Question

A point moves along the circumference of a circle with a speed v = αt. (αis a constant).
The acceleration of the particle when it has covered 1/nth of the circumference is​

Answer 1

Answer:

The acceleration of the particle is $\frac{\alpha}{n} \sqrt{n^2+16\pi^2}$

Explanation:

Let the radius of the circle be R

Given the tangential velocity

v = αt

or ds/dt = αt

or, ds = αt.dt

or, $\int_0^{2\pi R/n} ds =\int_0^T\alpha tdt$

$\implies \frac{2\pi R}{n} =\frac{\alpha t^2}{2} \Bigr |_0^T\\\implies \frac{2\pi R}{n} =\frac{\alpha T^2}{2}$           ................ (1)

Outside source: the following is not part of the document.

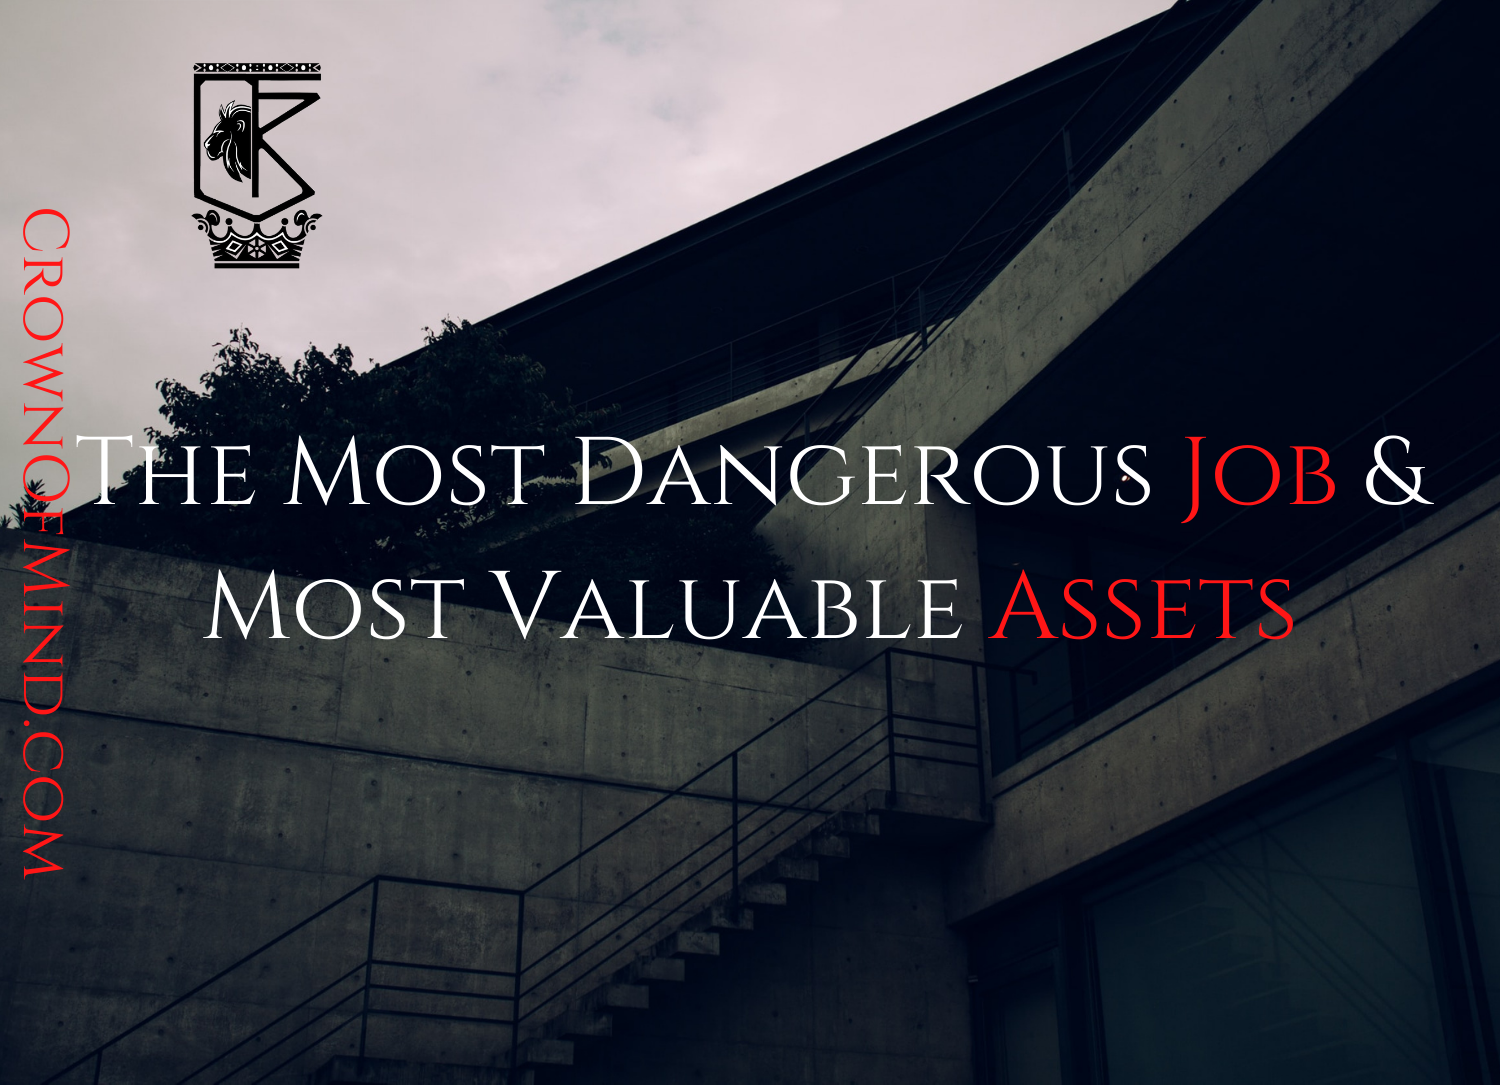 The Most Dangerous Job & Most Valuable Assets
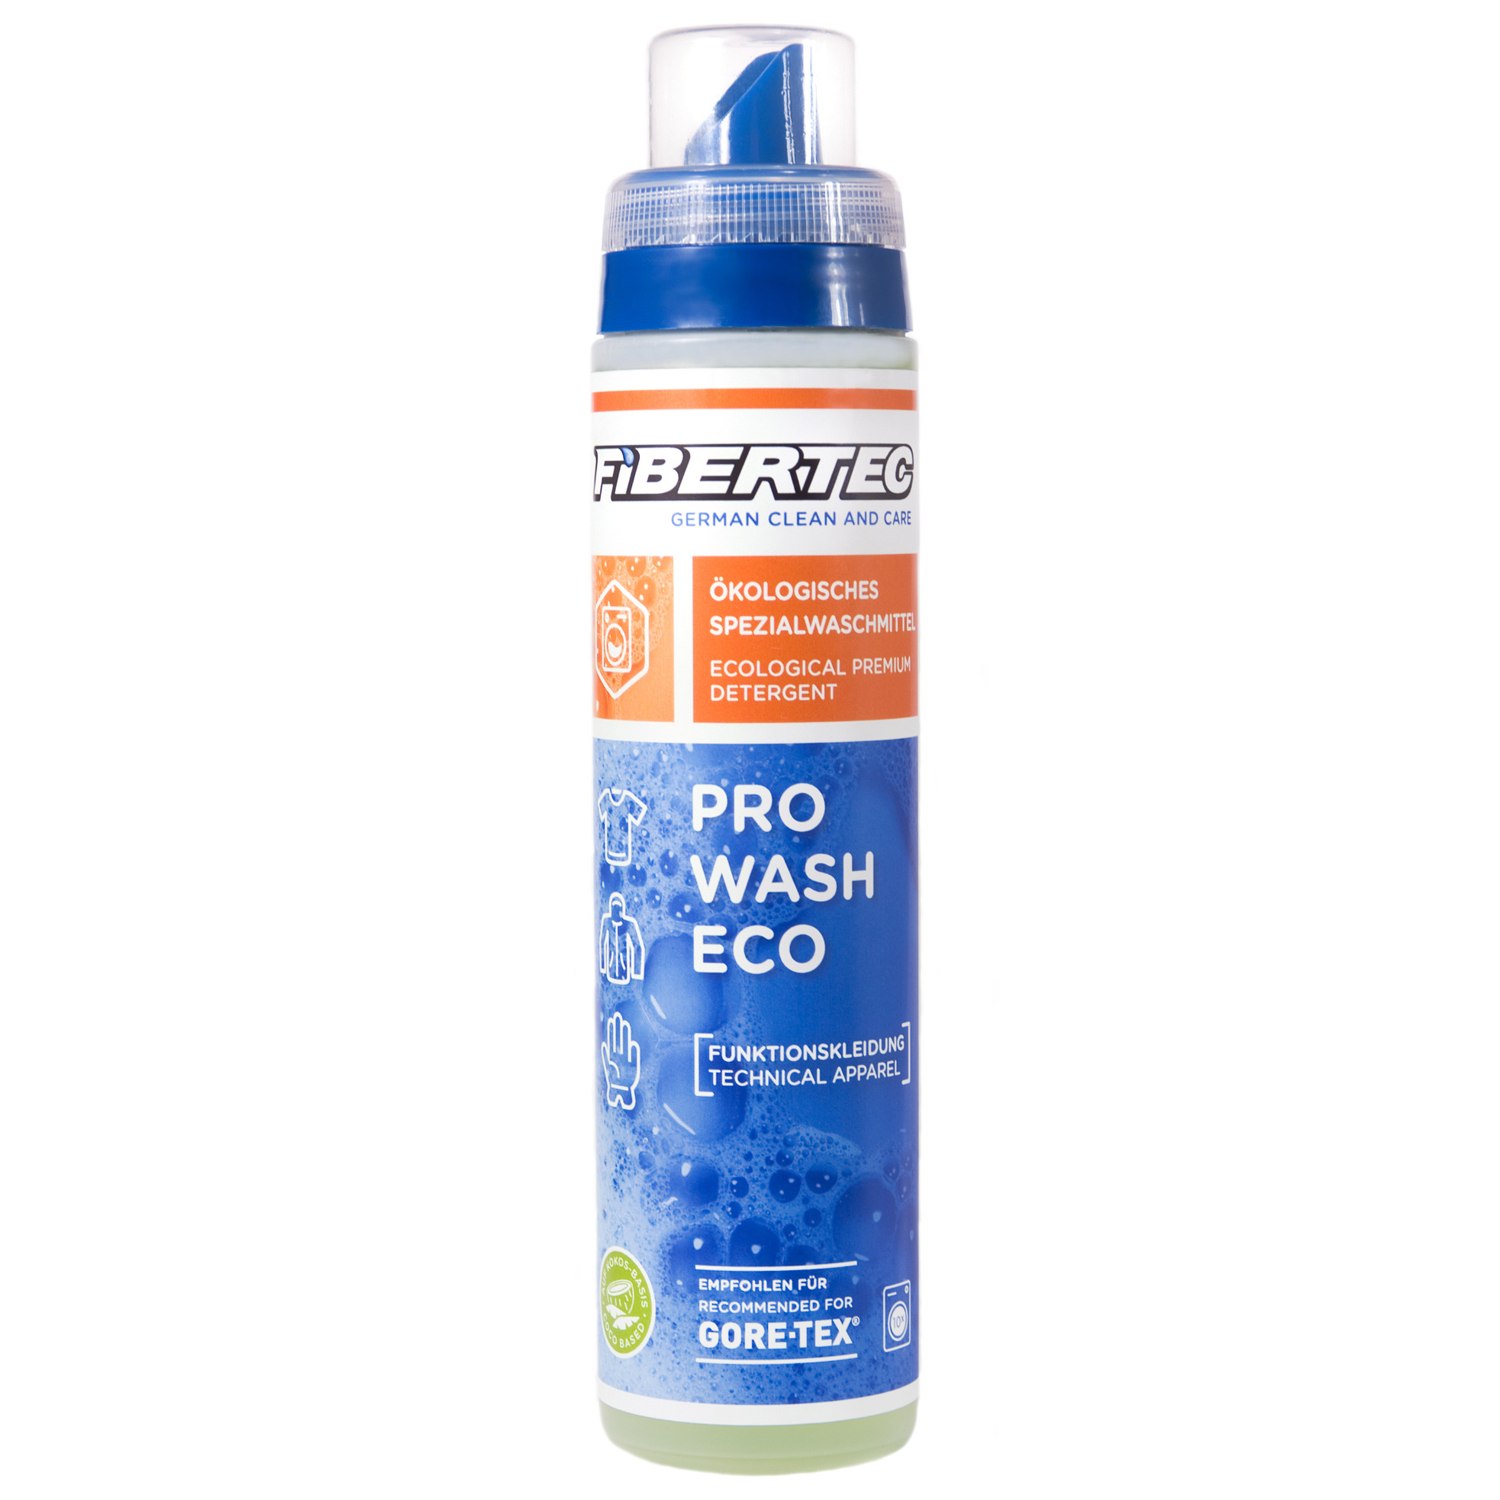 Productfoto van Fibertec Pro Wash Eco Detergent - 250ml

If the tangential acceleration is $a_t$ then

$a_t=\frac{dv}{dt} \\\implies a_t=\frac{d(\alpha t)}{dt} \\\implies a_t=\alpha$

If the radial acceleration is $a_r$ then

$a_r=\frac{v^2}{R}$

In time T, the particle covers the distance 2πR/n, its velocity after time T is αT, also from eq (1)

$\frac{4\pi R}{n \alpha} =T^2$

Therefore, the radial acceleration after time T

$a_r=\frac{(\alpha T)^2}{R} \\\implies a_r=\frac{\alpha^2 T^2}{R}$

$\implies a_r=\frac{\alpha^2}{R} \times \frac{4\pi R}{n \alpha}$

$\implies a_r= \frac{4\pi \alpha}{n}$

Therefore total acceleration

$a=\sqrt{a_t^2+a_r^2}$

$\implies a=\sqrt{\alpha^2+\frac{16\pi^2 \alpha^2}{n^2}}$

$\implies a=\frac{\alpha}{n} \sqrt{n^2+16\pi^2}$